SOURCE MATERIAL
+===+
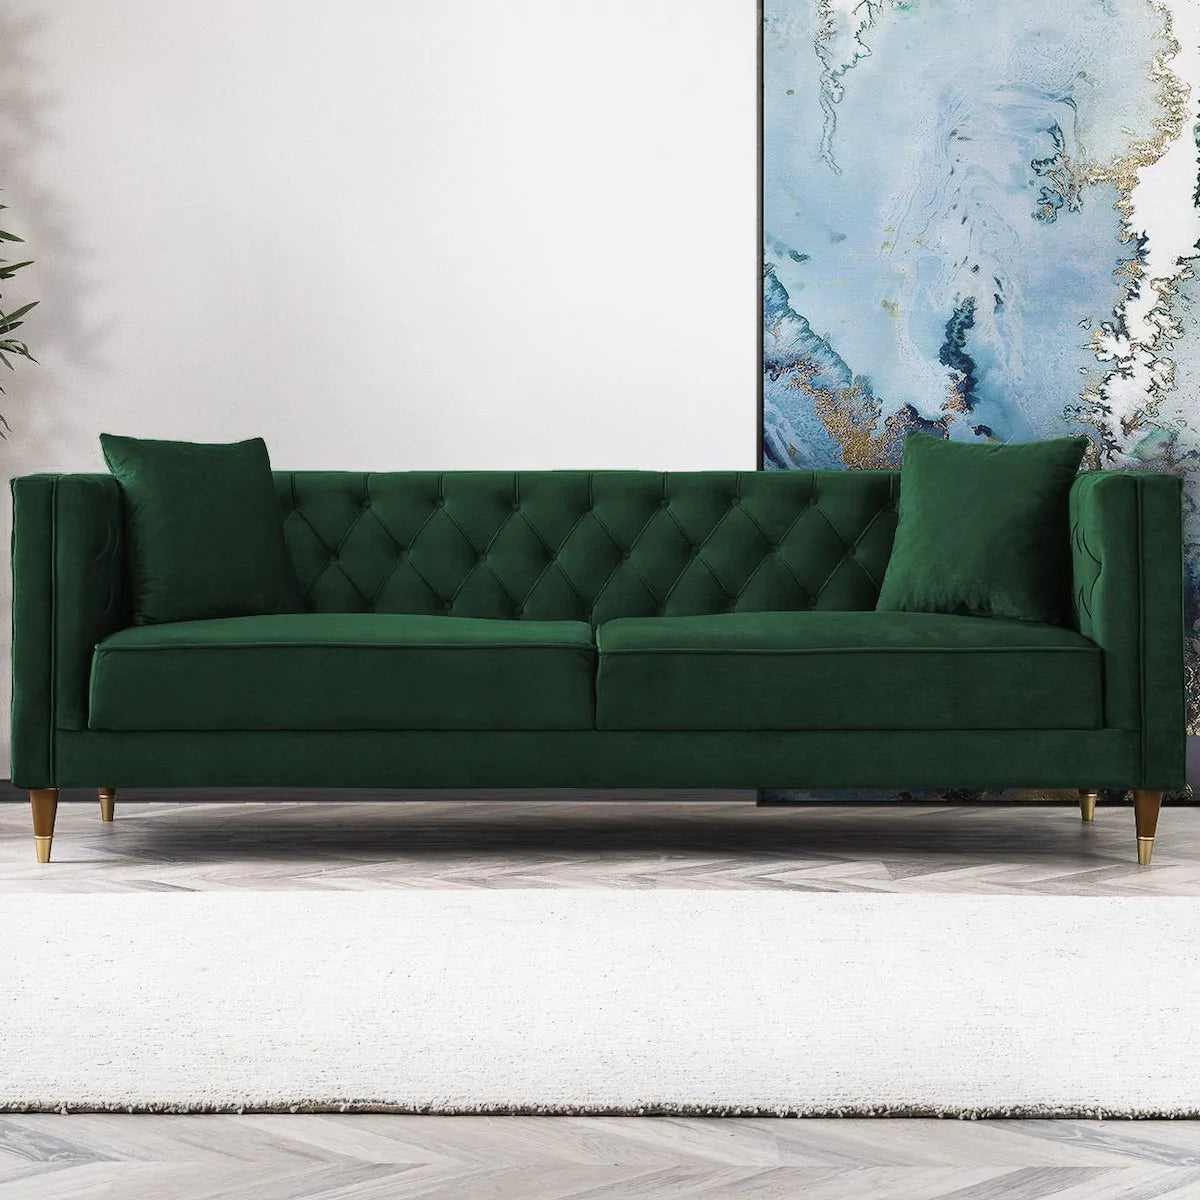 Mid-Century Modern Tufted Rectangular Tight Back Sofa in Emerald Green Velvet
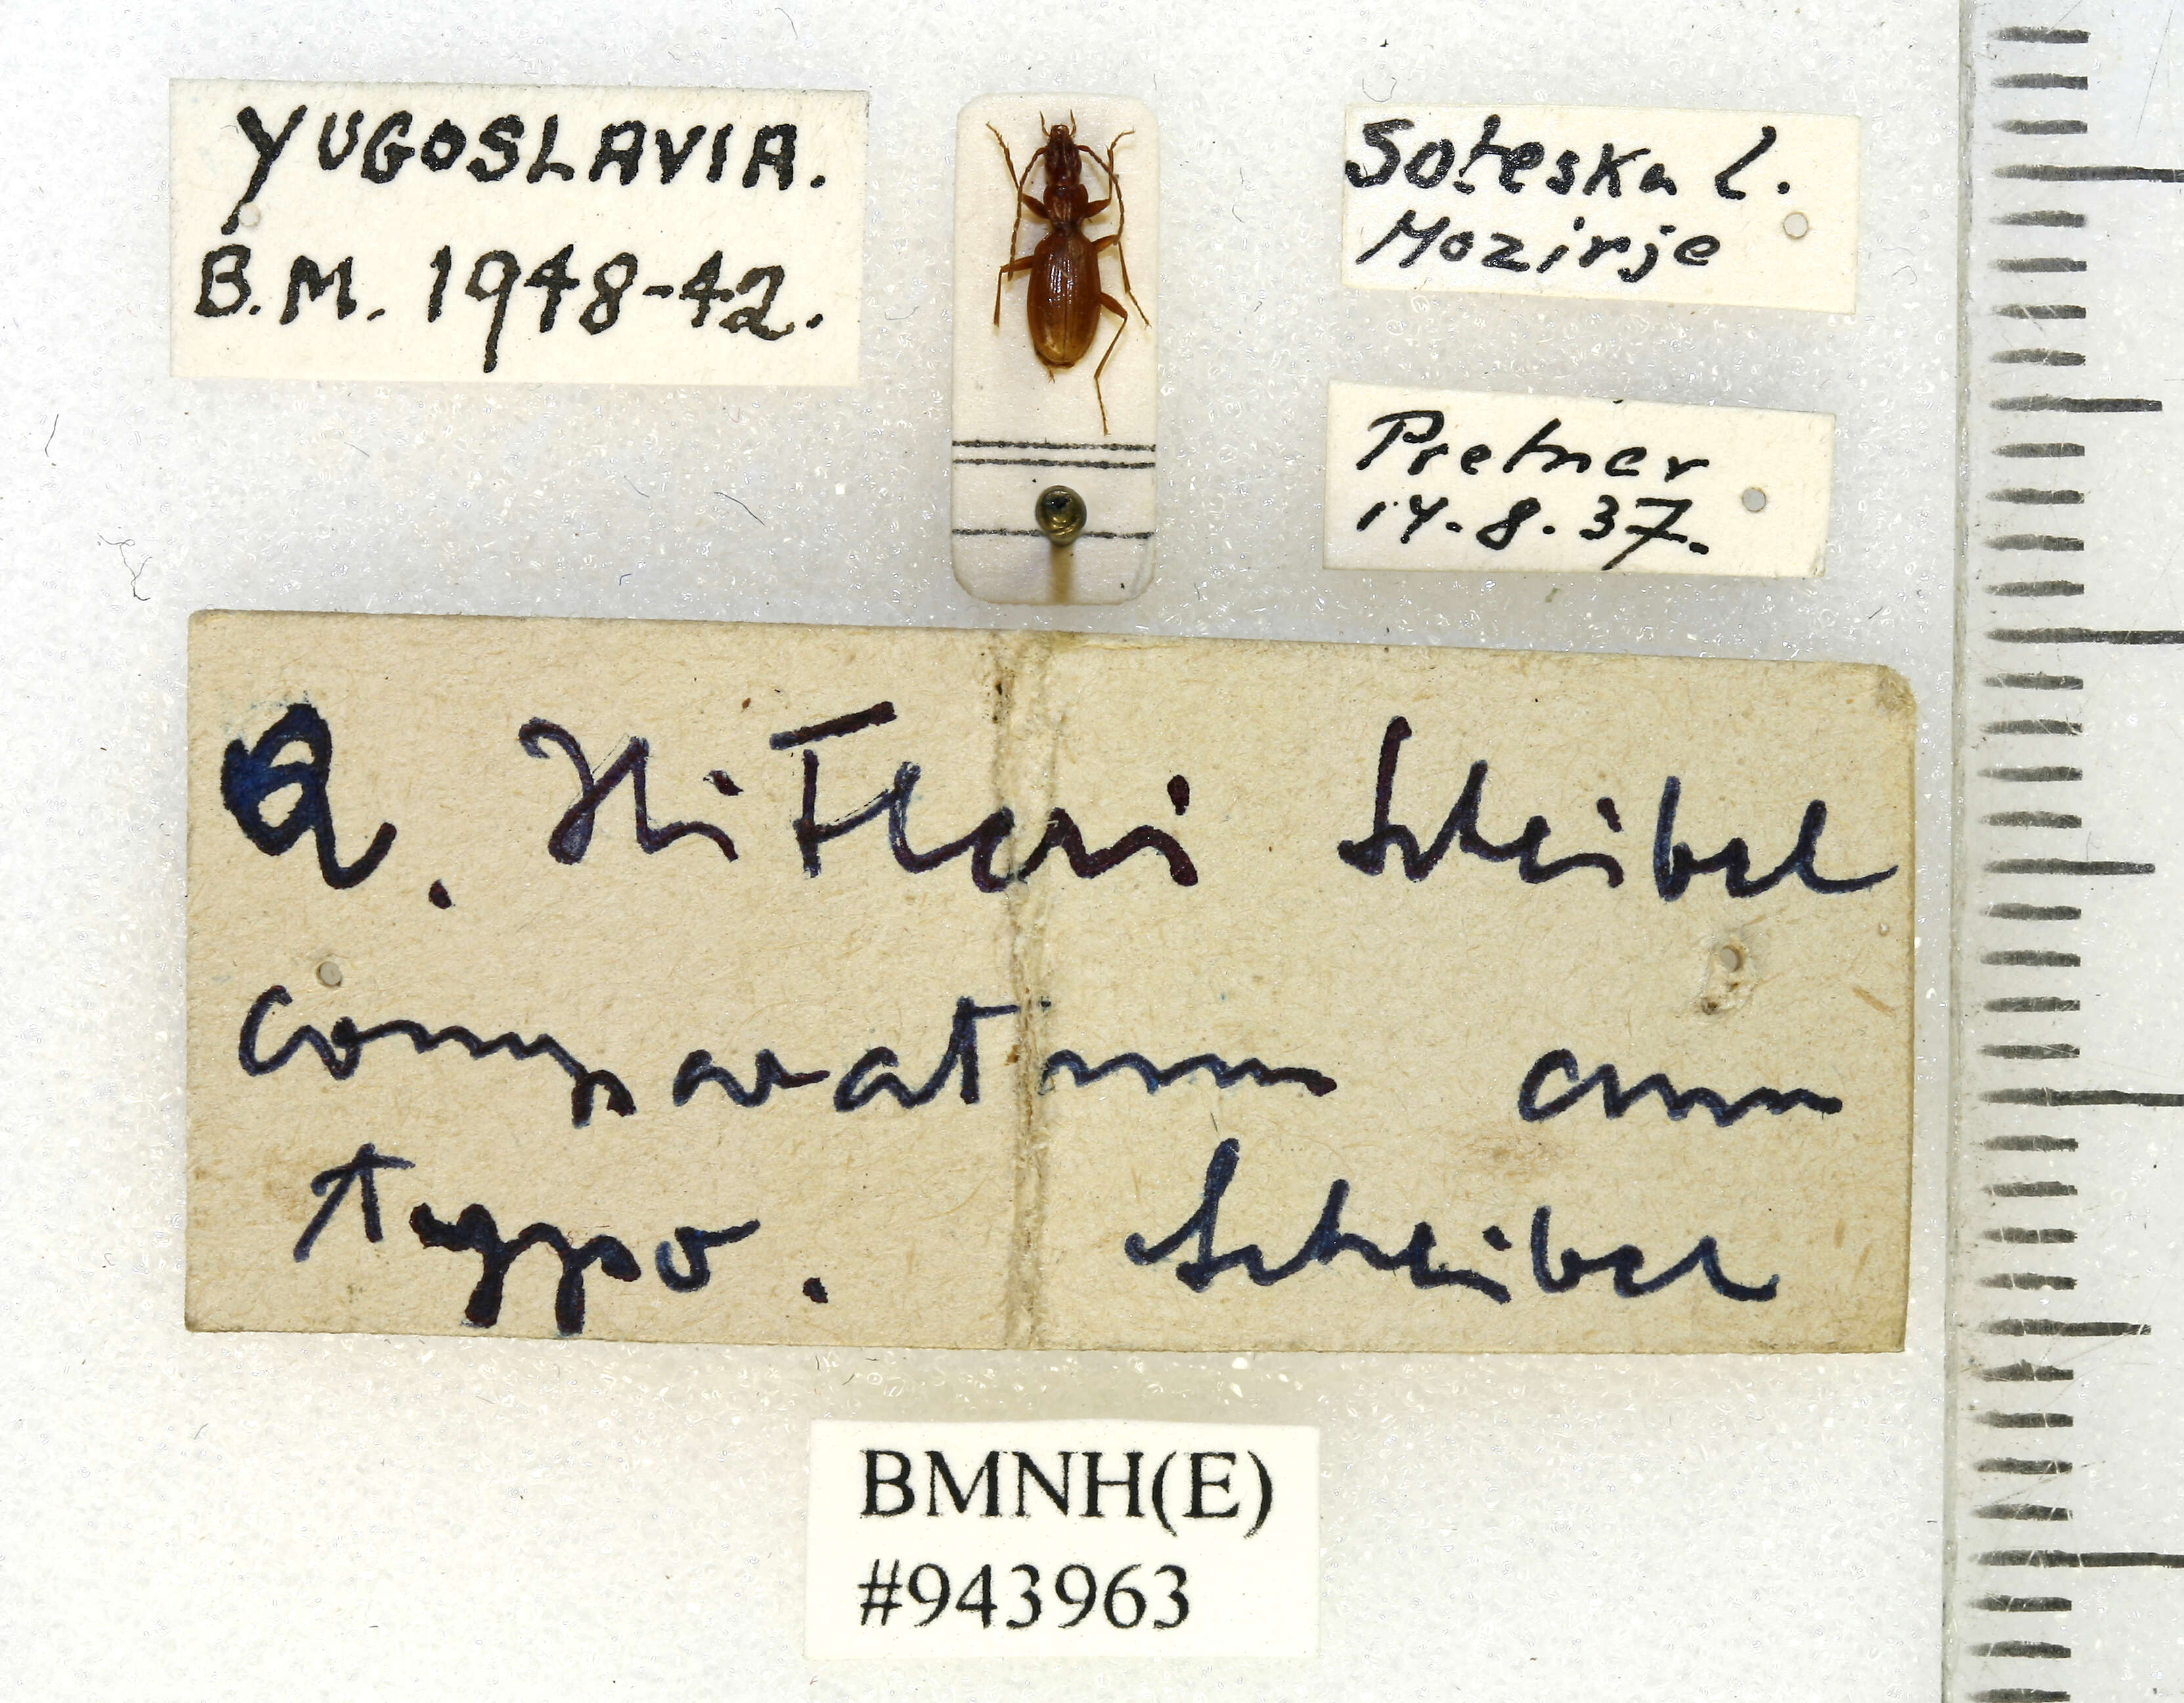 Image of Anophthalmus hitleri Scheibel 1937
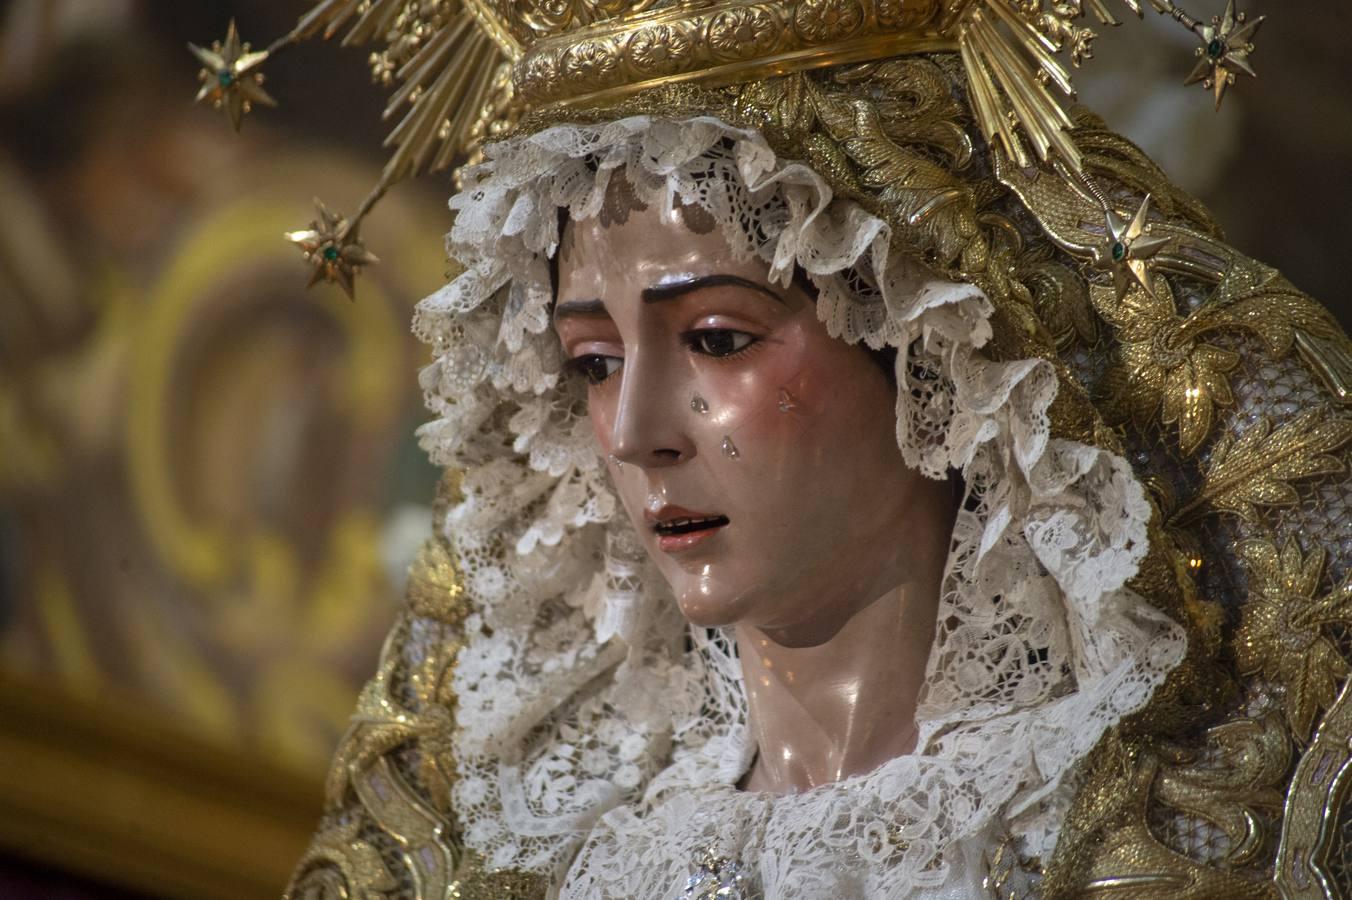 Galería de la Virgen del Rocío de la Redención
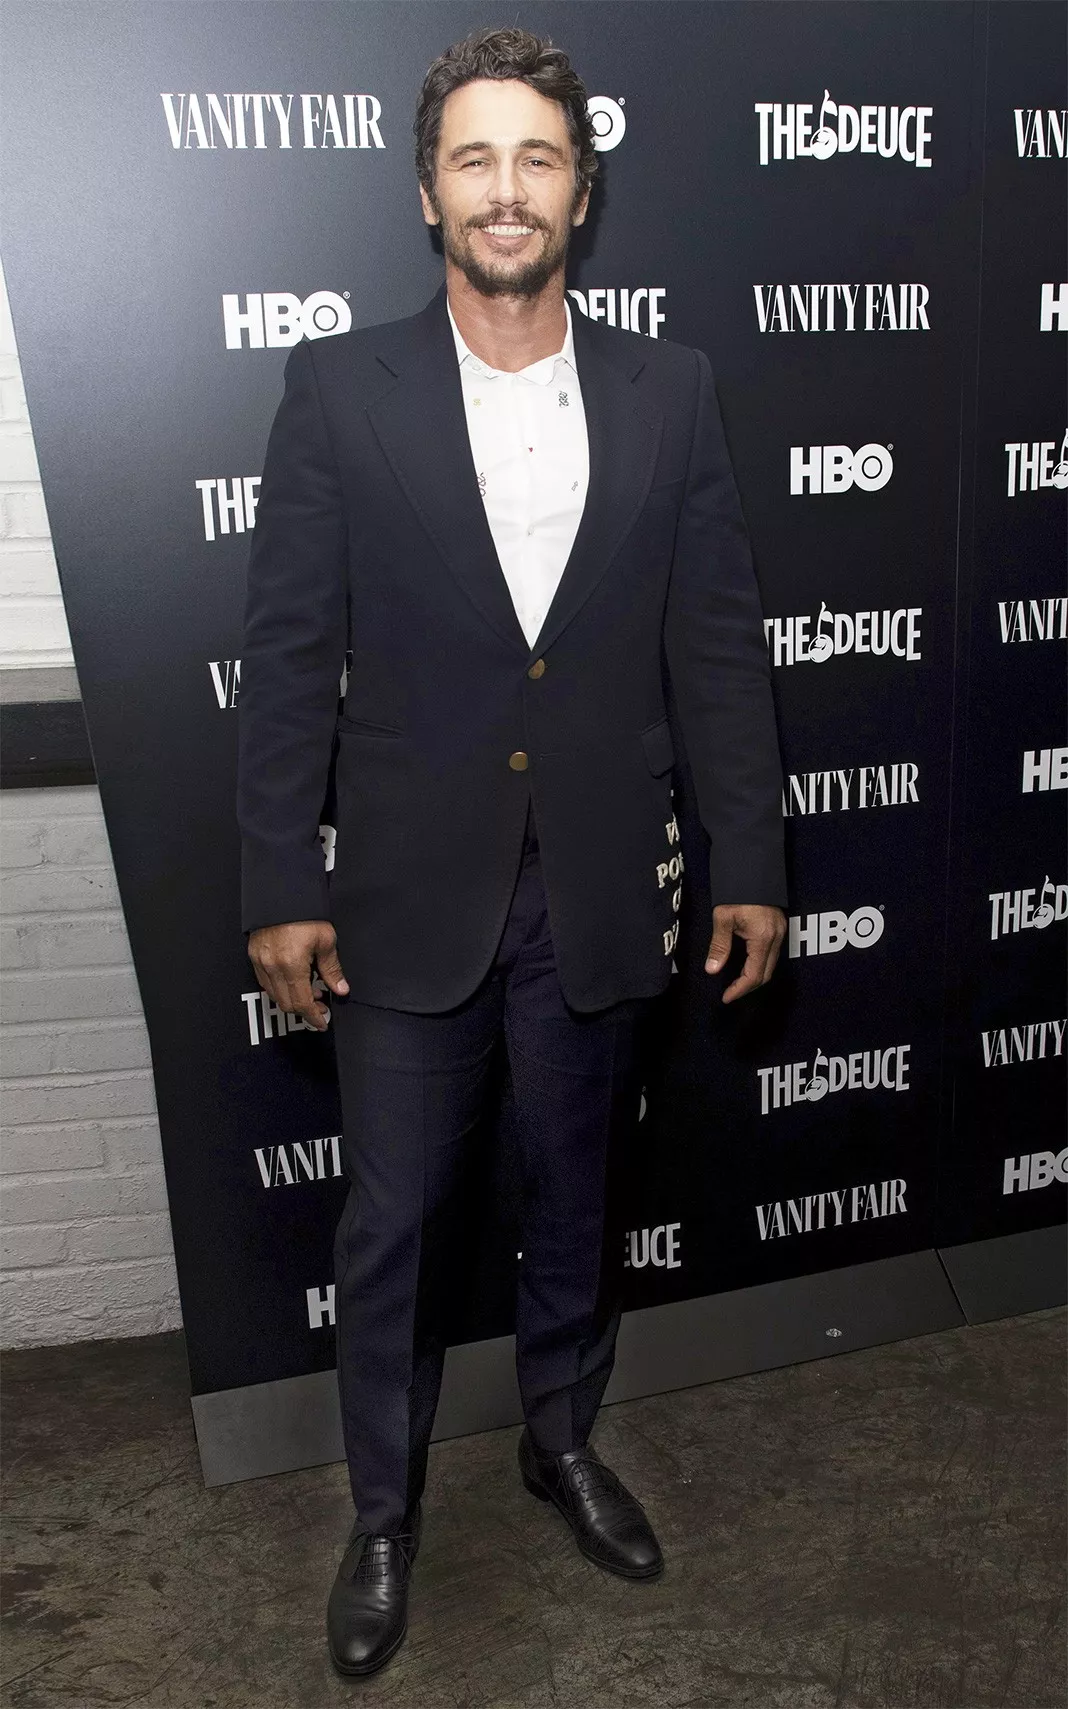 Джеймс Франко на показе фильма «Двойка» в Нью-Йорке, 5 сентября 2019 г.
+===+
YOUR TASK
The data is to be printed again exactly, but without its pictures.

TASK OUTPUT
 Mid-Century Modern Tufted Rectangular Tight Back Sofa in Emerald Green Velvet
 Image of Anophthalmus hitleri Scheibel 1937
 Galería de la Virgen del Rocío de la Redención
 Джеймс Франко на показе фильма «Двойка» в Нью-Йорке, 5 сентября 2019 г.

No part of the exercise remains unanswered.